▸ **Exercise details**: Wherever a picture appears in the listing below, leave it out and reproduce the rest exactly.
Dataset section section start
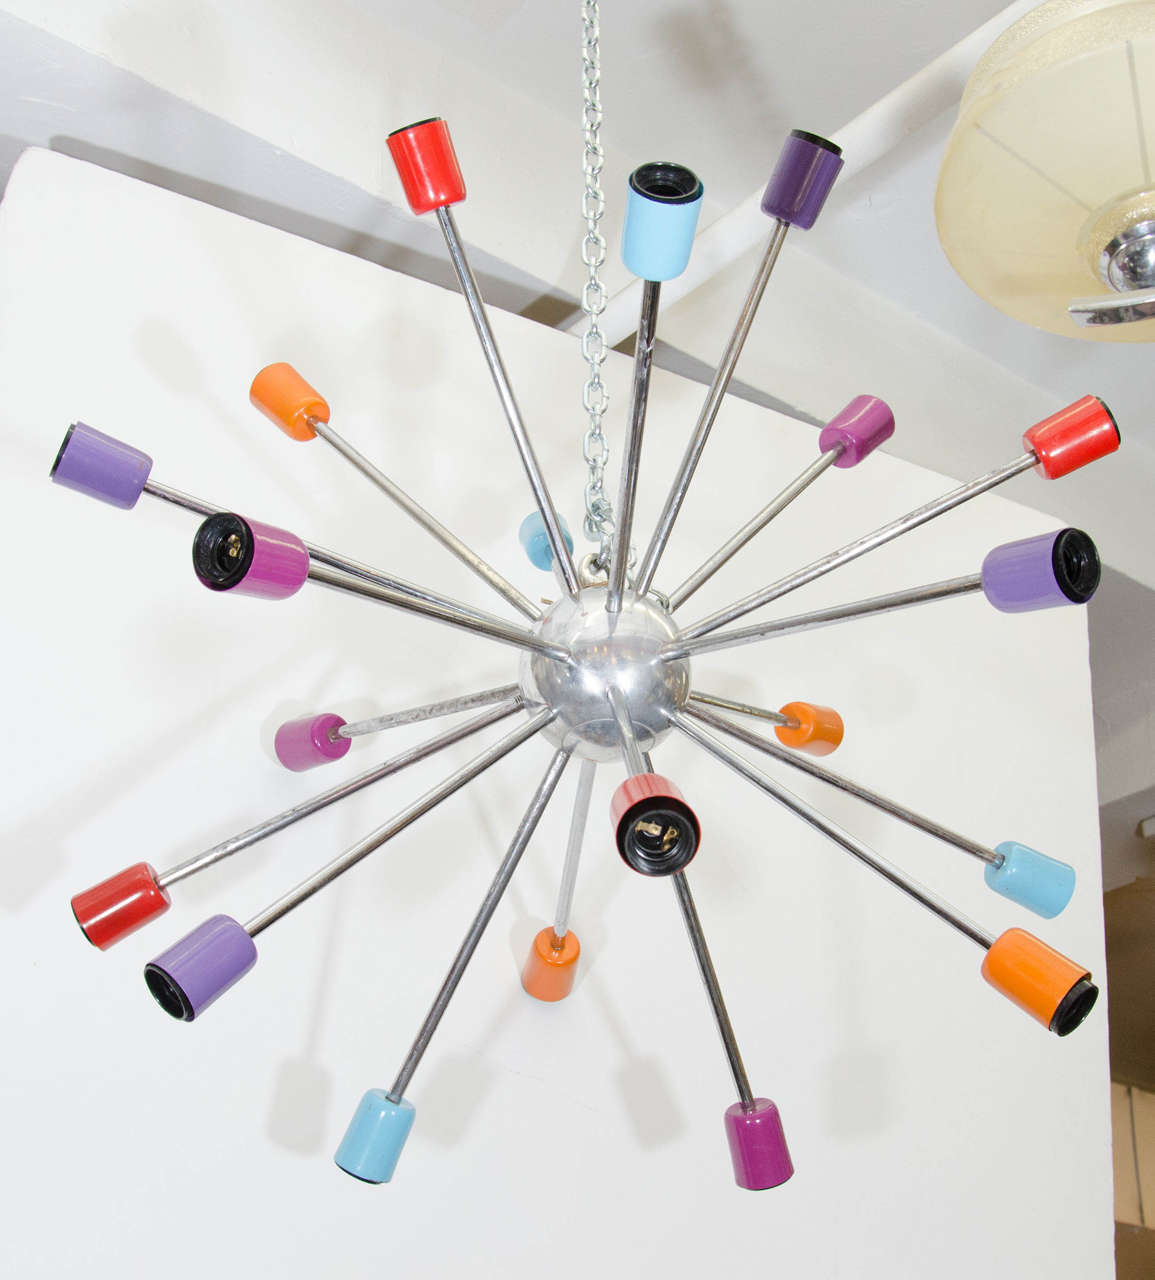 A vintage chrome Sputnik chandelier with multi-colored sockets in blue, purple, red, and orange.  European sockets and wiring.  Vintage condition with a fair amount of rust.
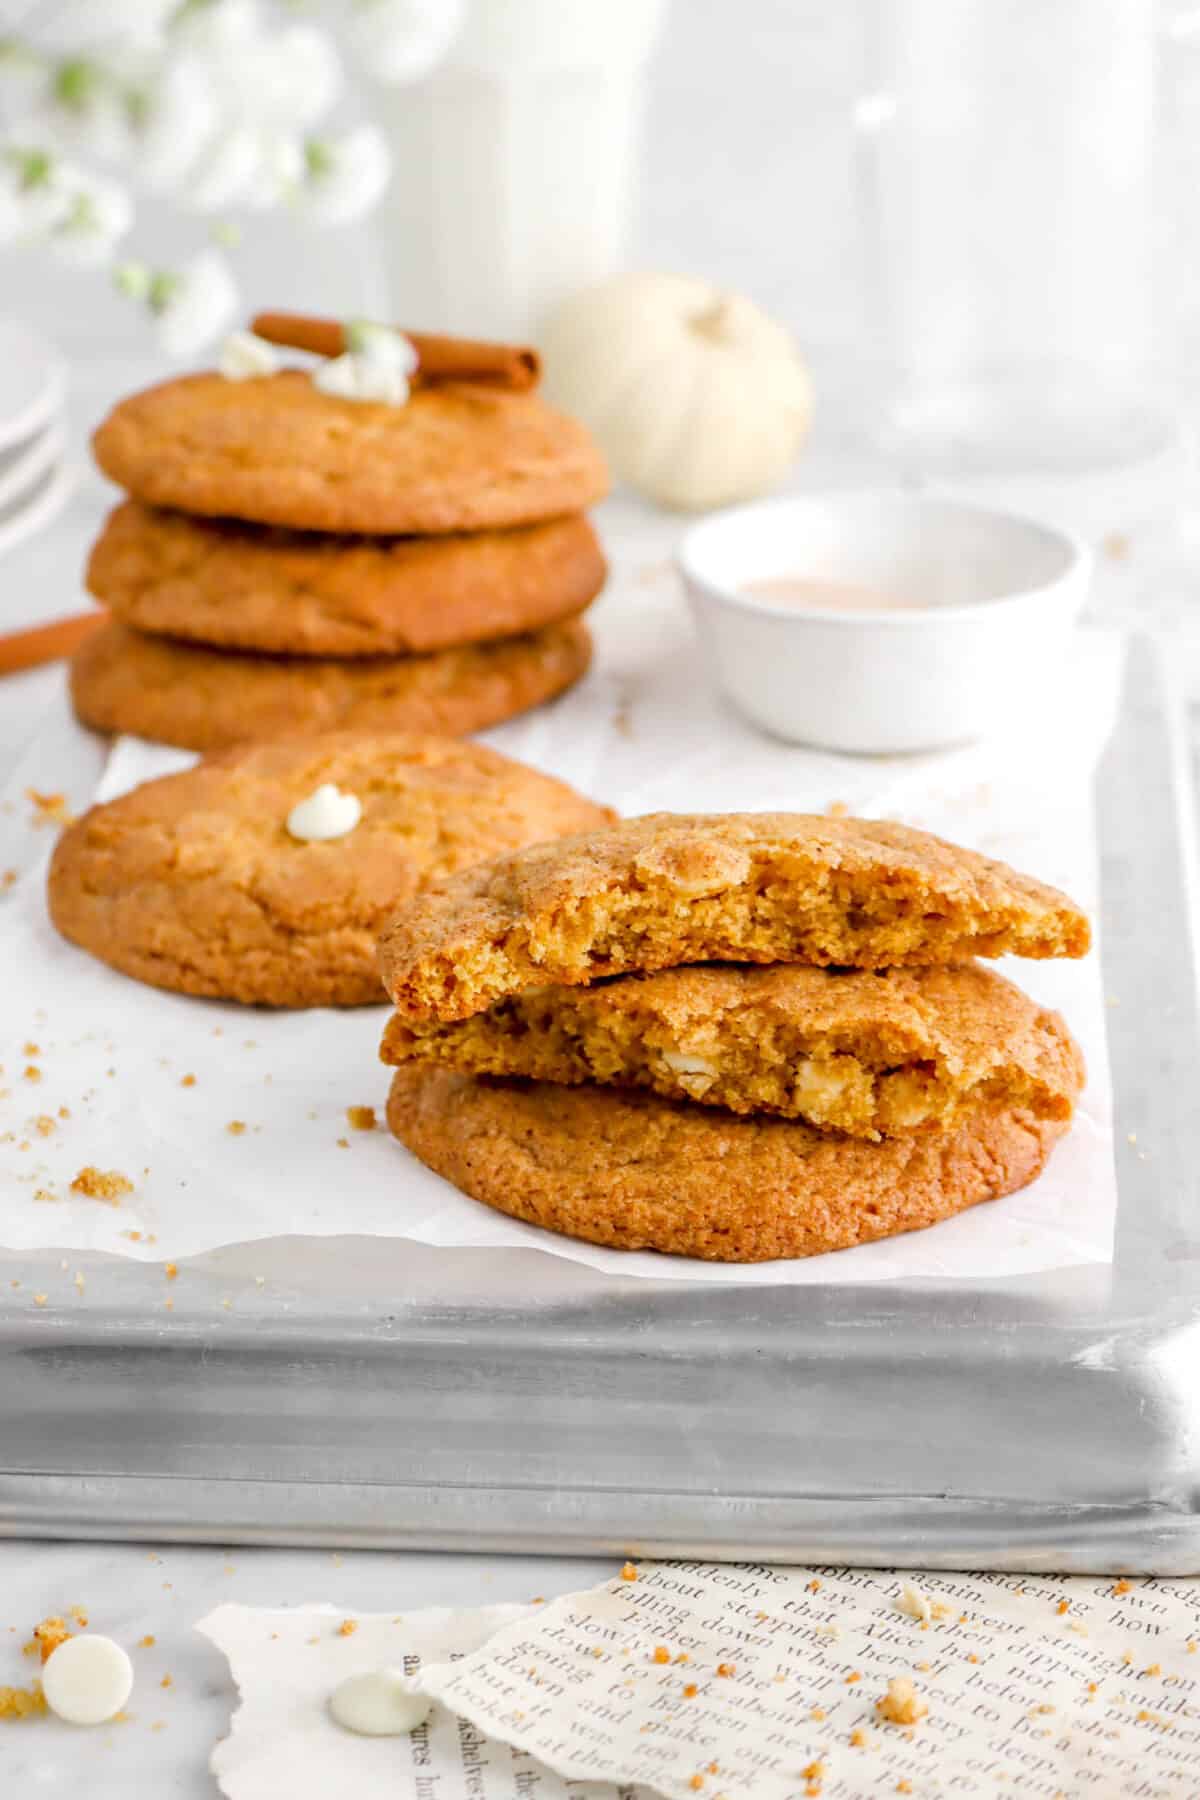 Pumpkin and White Chocolate Snickerdoodle Cookies
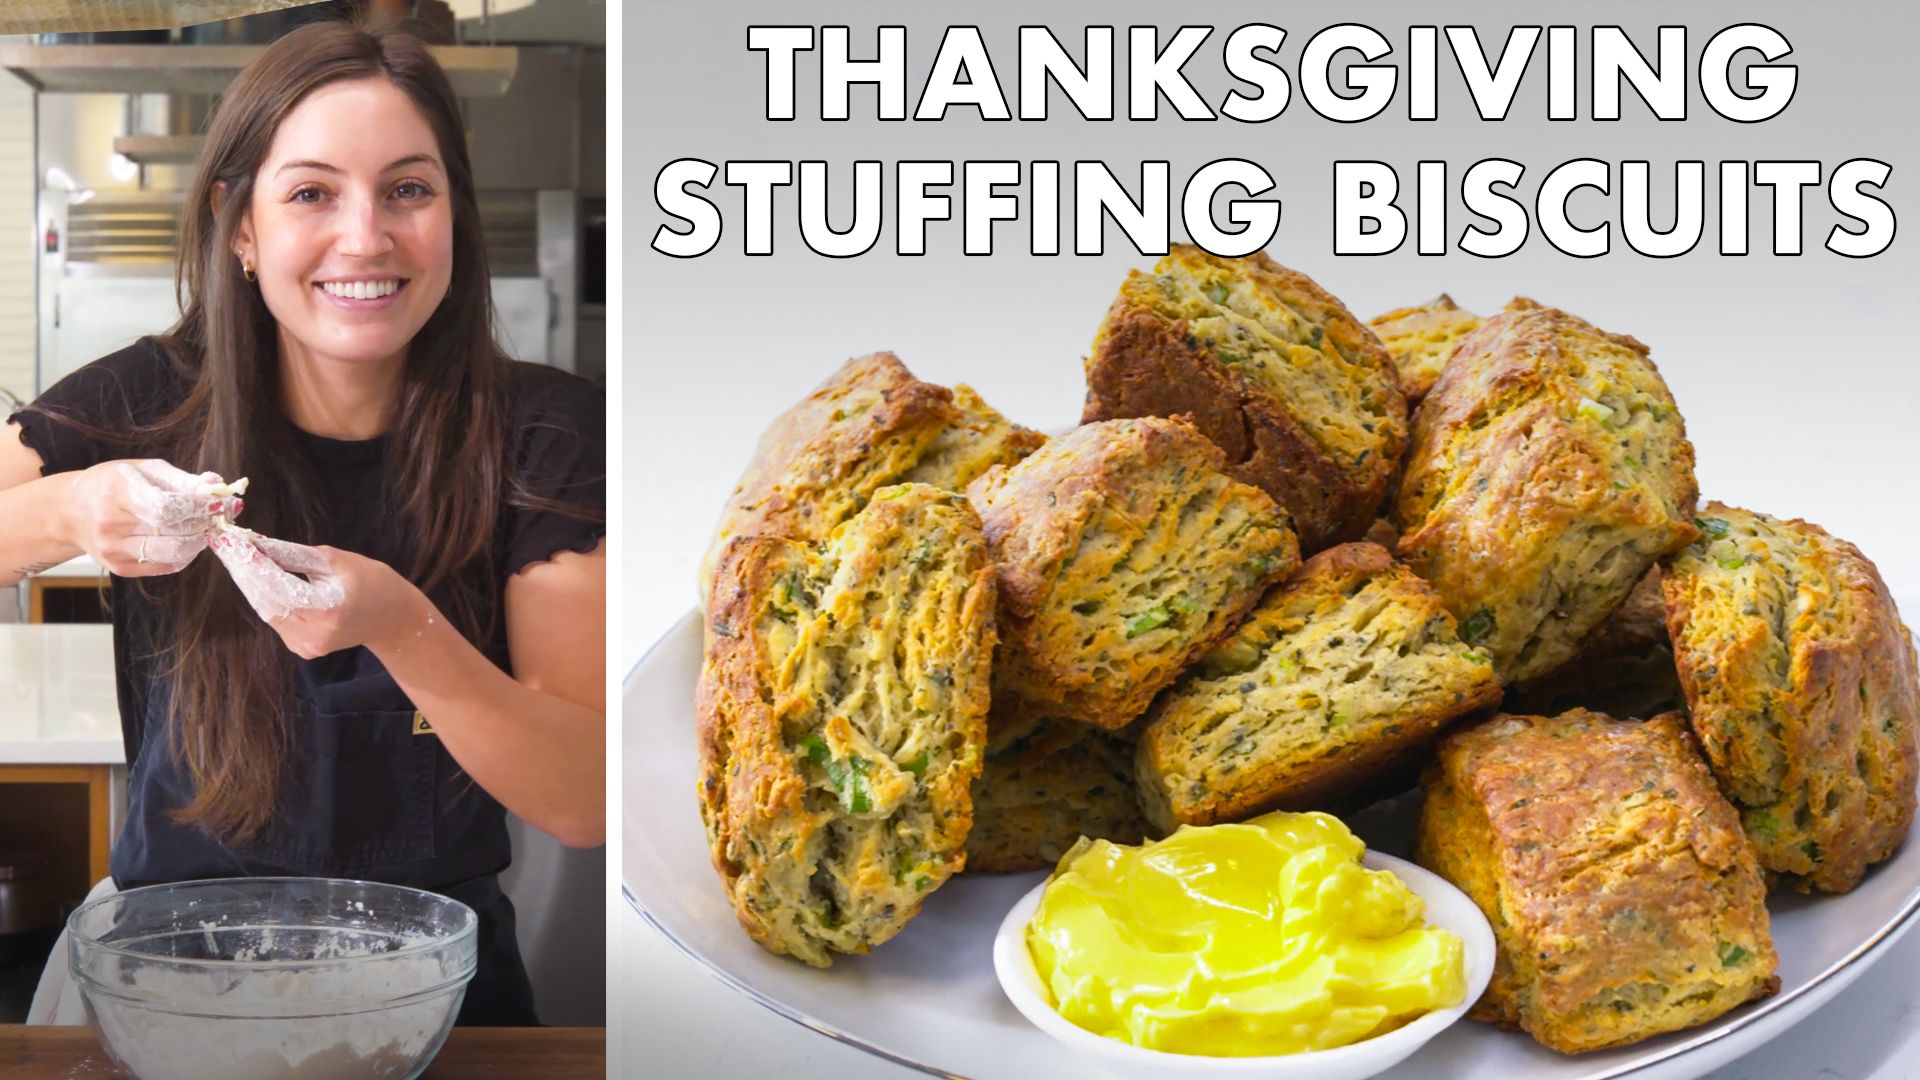 Kendra Makes Thanksgiving Stuffing Biscuits.
Dataset section section end
▸ **Solution to this exercise**:
 A vintage chrome Sputnik chandelier with multi-colored sockets in blue, purple, red, and orange.  European sockets and wiring.  Vintage condition with a fair amount of rust.
 Pumpkin and White Chocolate Snickerdoodle Cookies
 Kendra Makes Thanksgiving Stuffing Biscuits.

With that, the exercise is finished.